(SOURCE DATA)

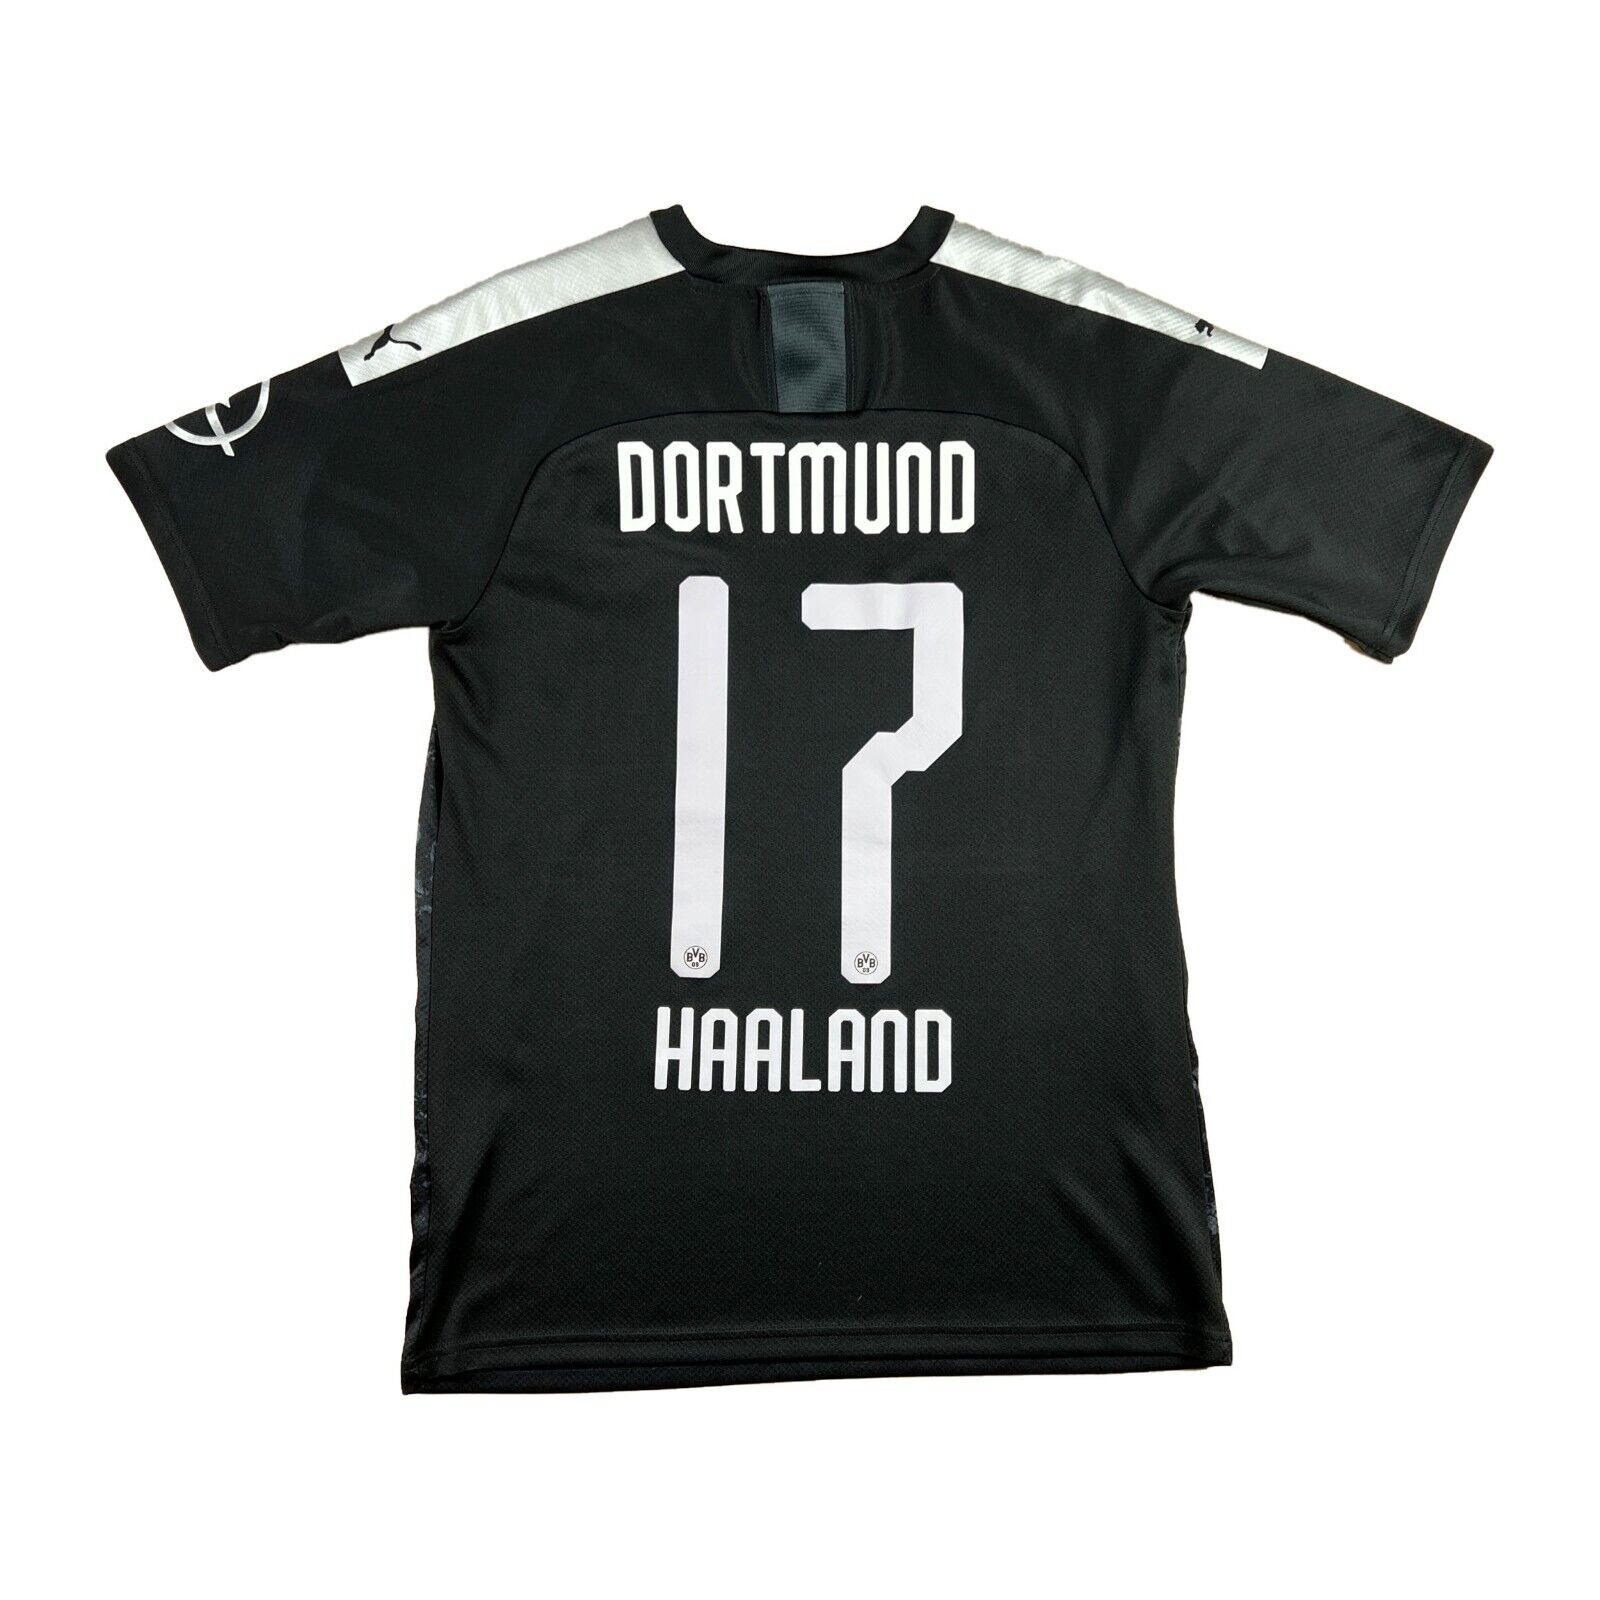 Borussia Dortmund 2019-20 "Haaland" Auswrts Trikot "S" puma "EVONIK" BVB shirt
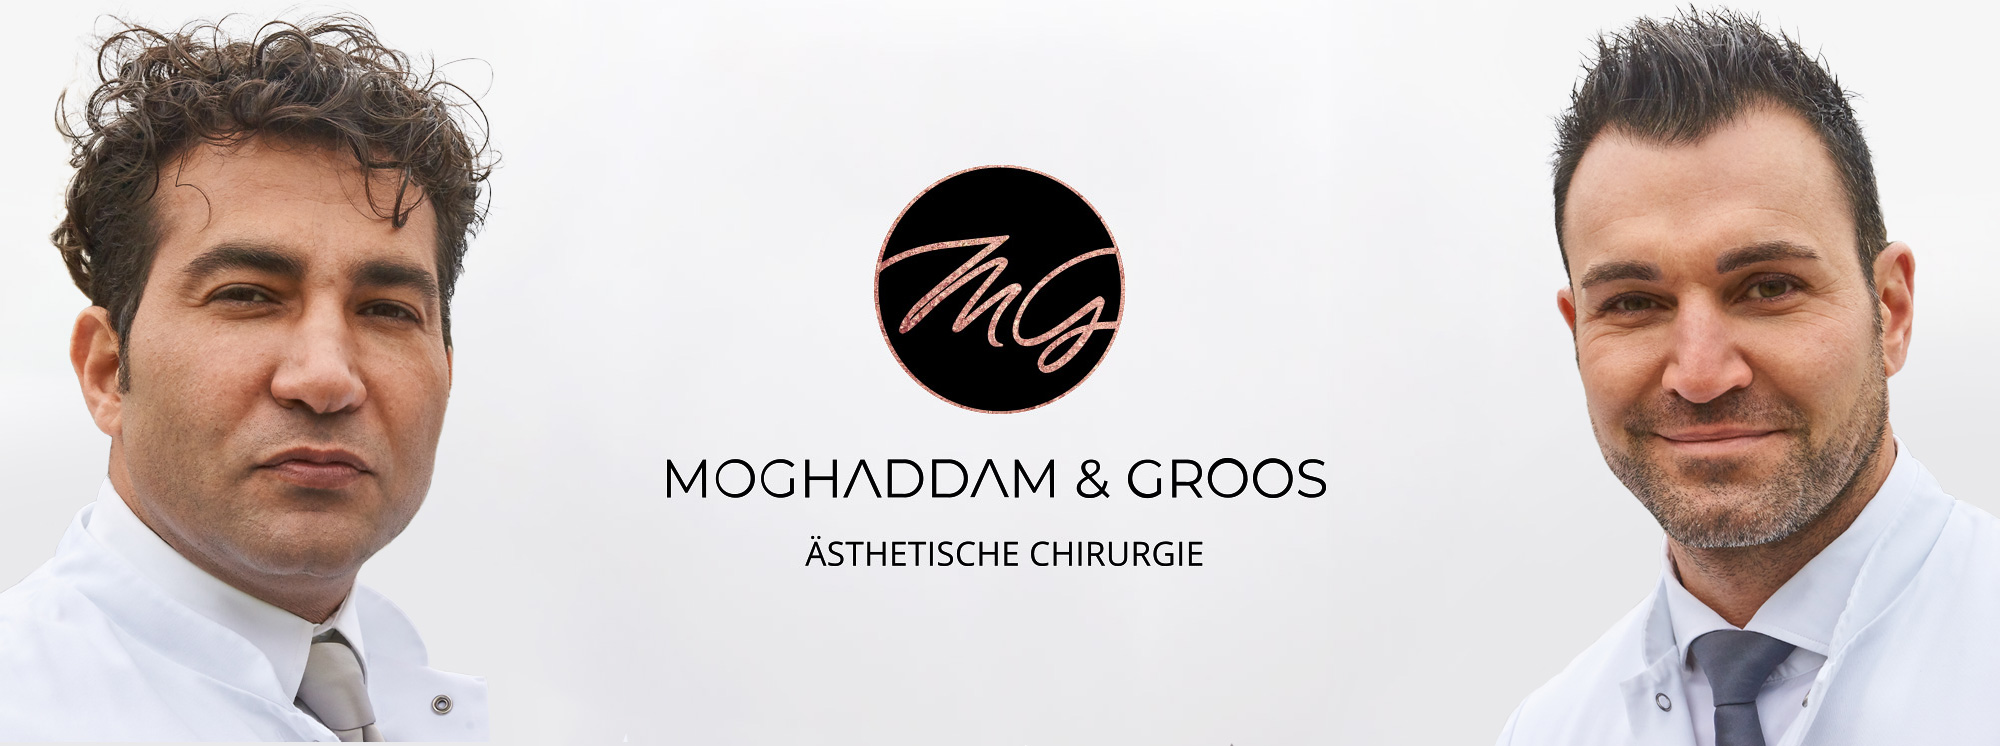 Moghaddam und Groos Ästhetische Chirugie- Startseitenbild
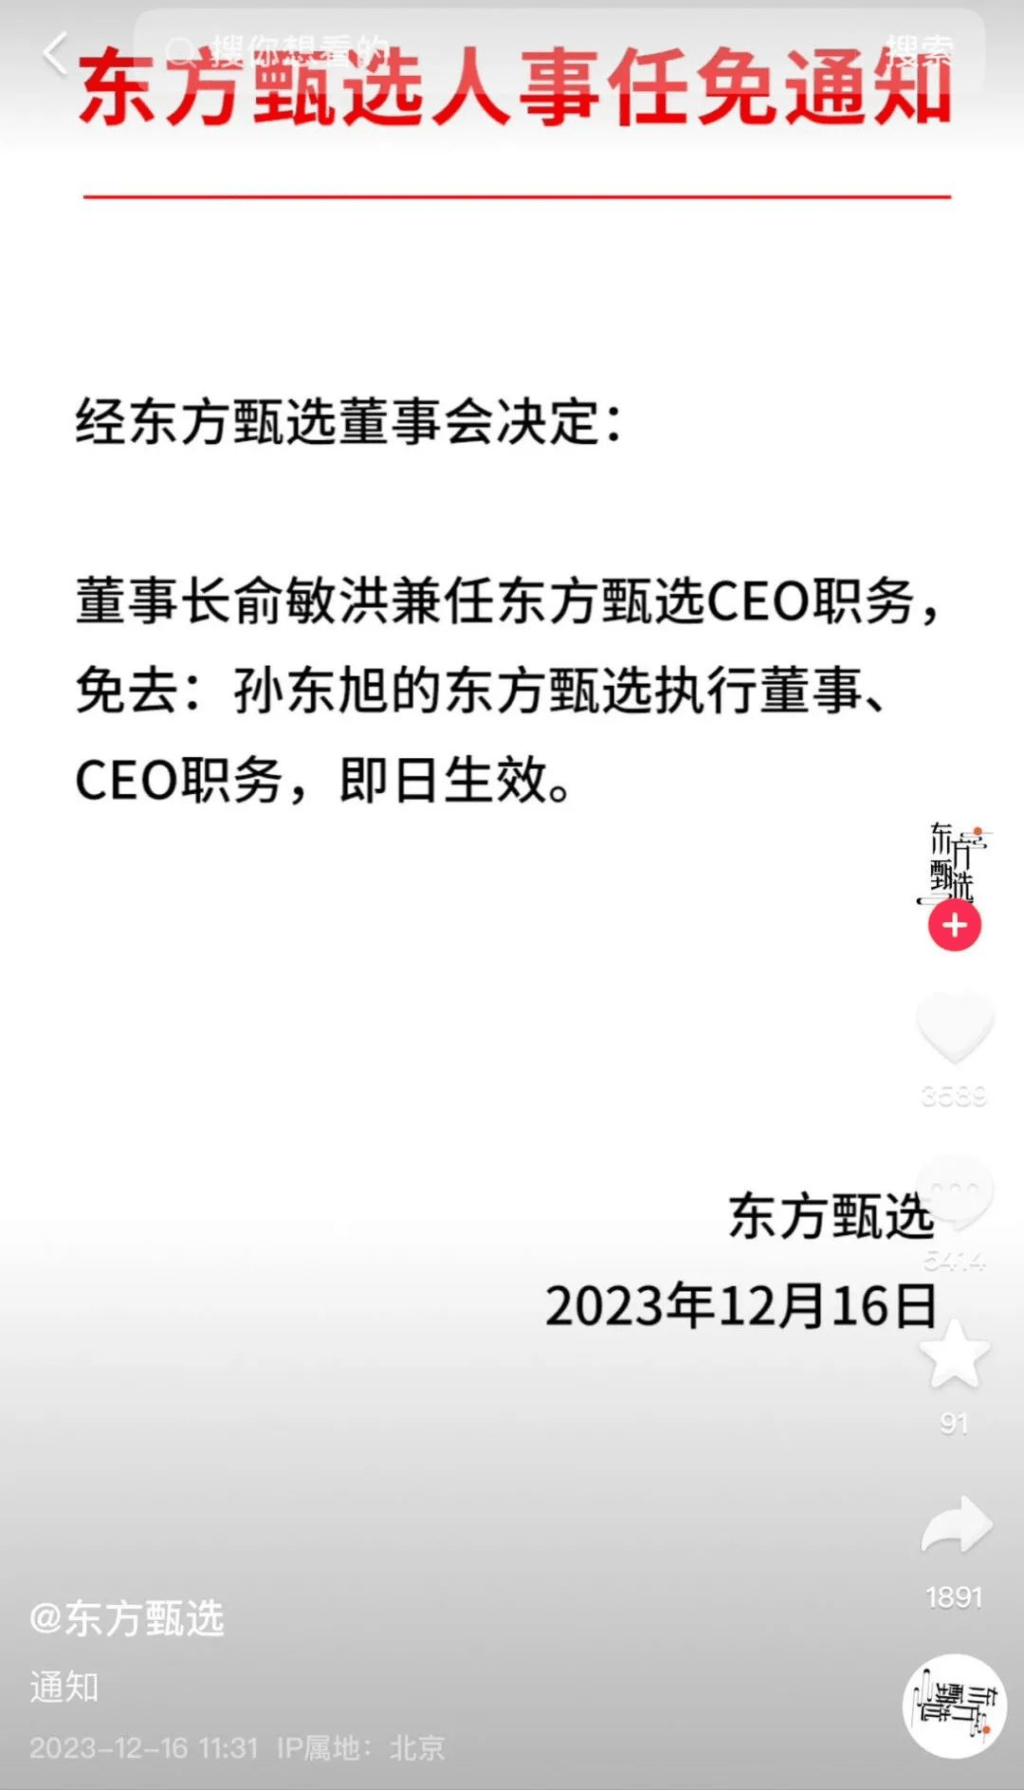 東方甄選CEO孫東旭被免職。即日生效。
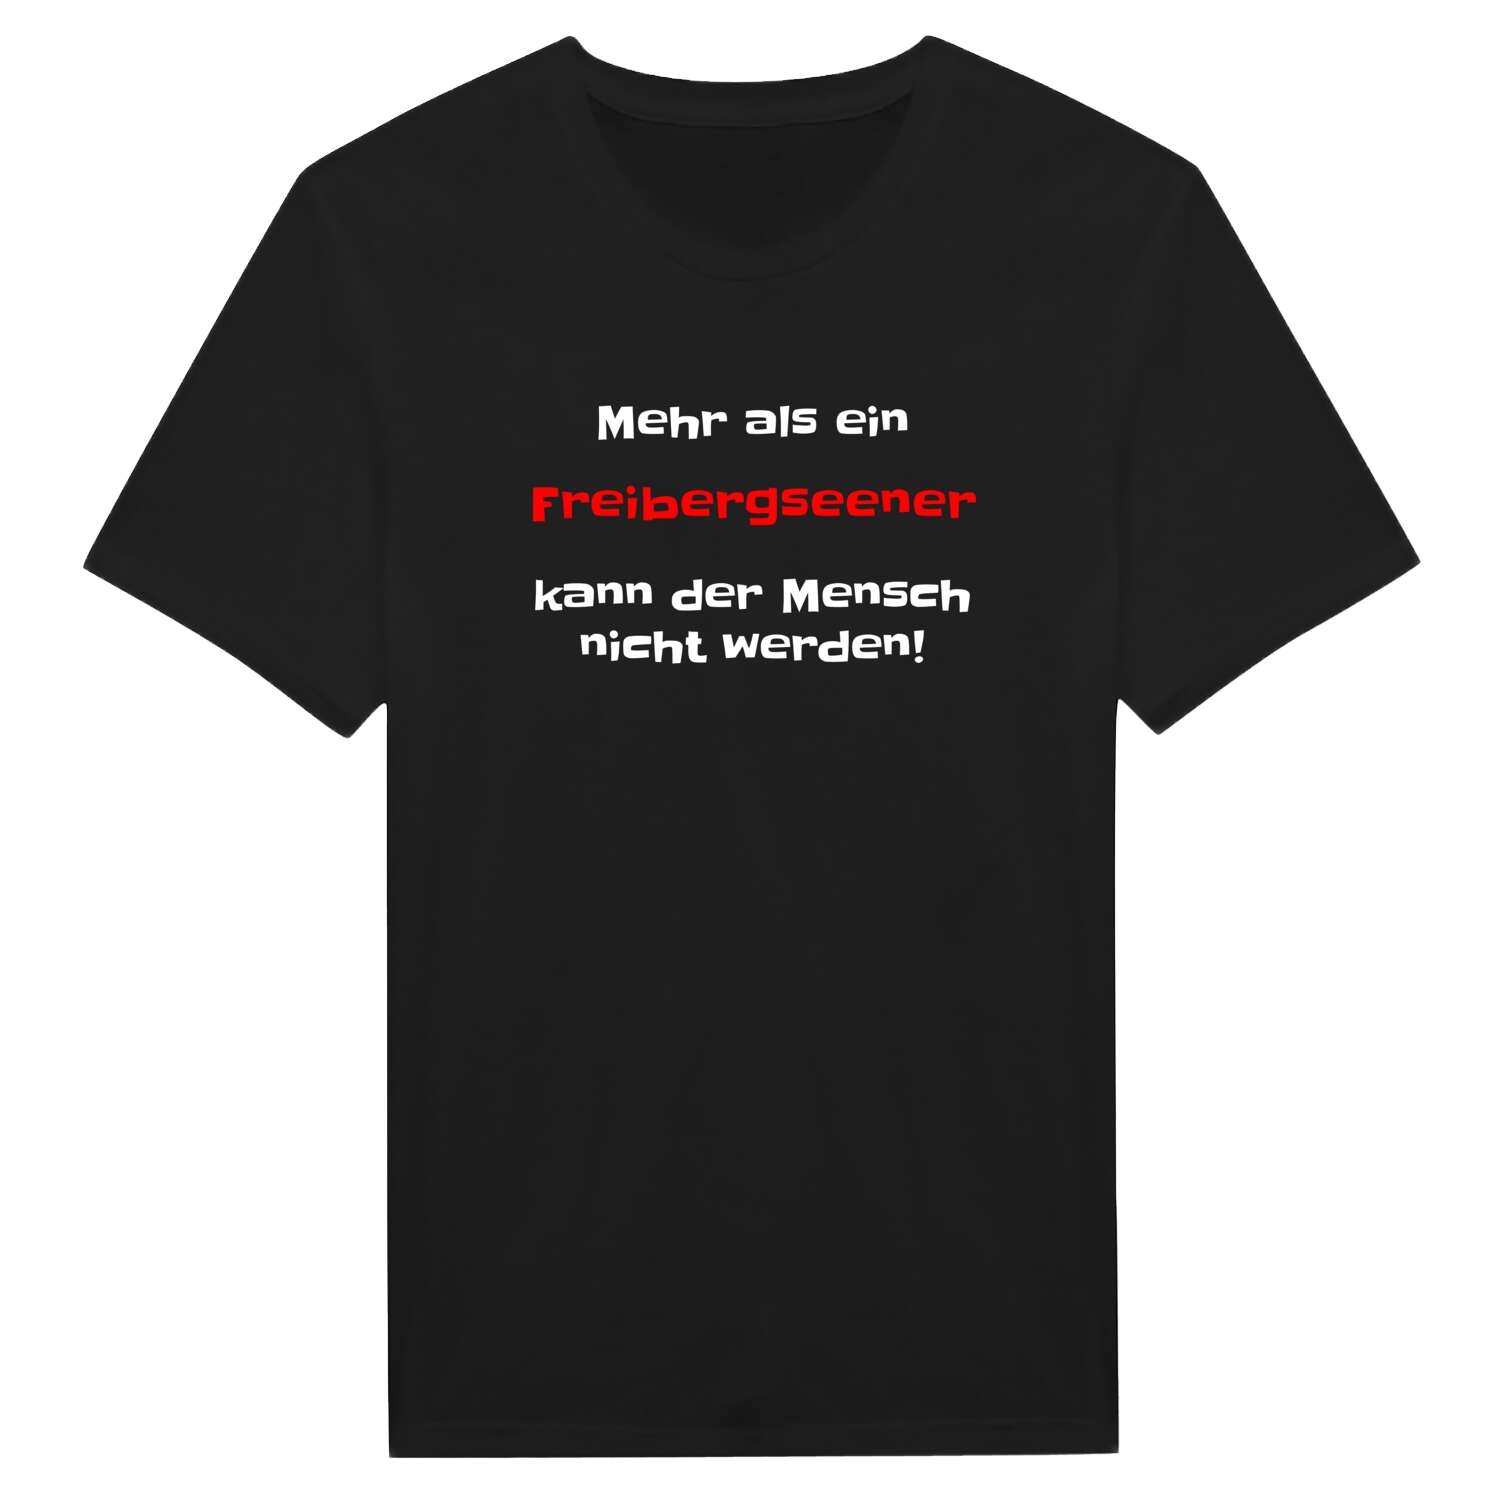 Freibergsee T-Shirt »Mehr als ein«

(End SOURCE DATA)

**EXERCISE DESCRIPTION**
Could you give the material again exactly as it stands, omitting any image?

**SOLVED EXERCISE**
 Borussia Dortmund 2019-20 "Haaland" Auswrts Trikot "S" puma "EVONIK" BVB shirt
 Moghaddam und Groos Ästhetische Chirugie- Startseitenbild
 東方甄選CEO孫東旭被免職。即日生效。
 Freibergsee T-Shirt »Mehr als ein«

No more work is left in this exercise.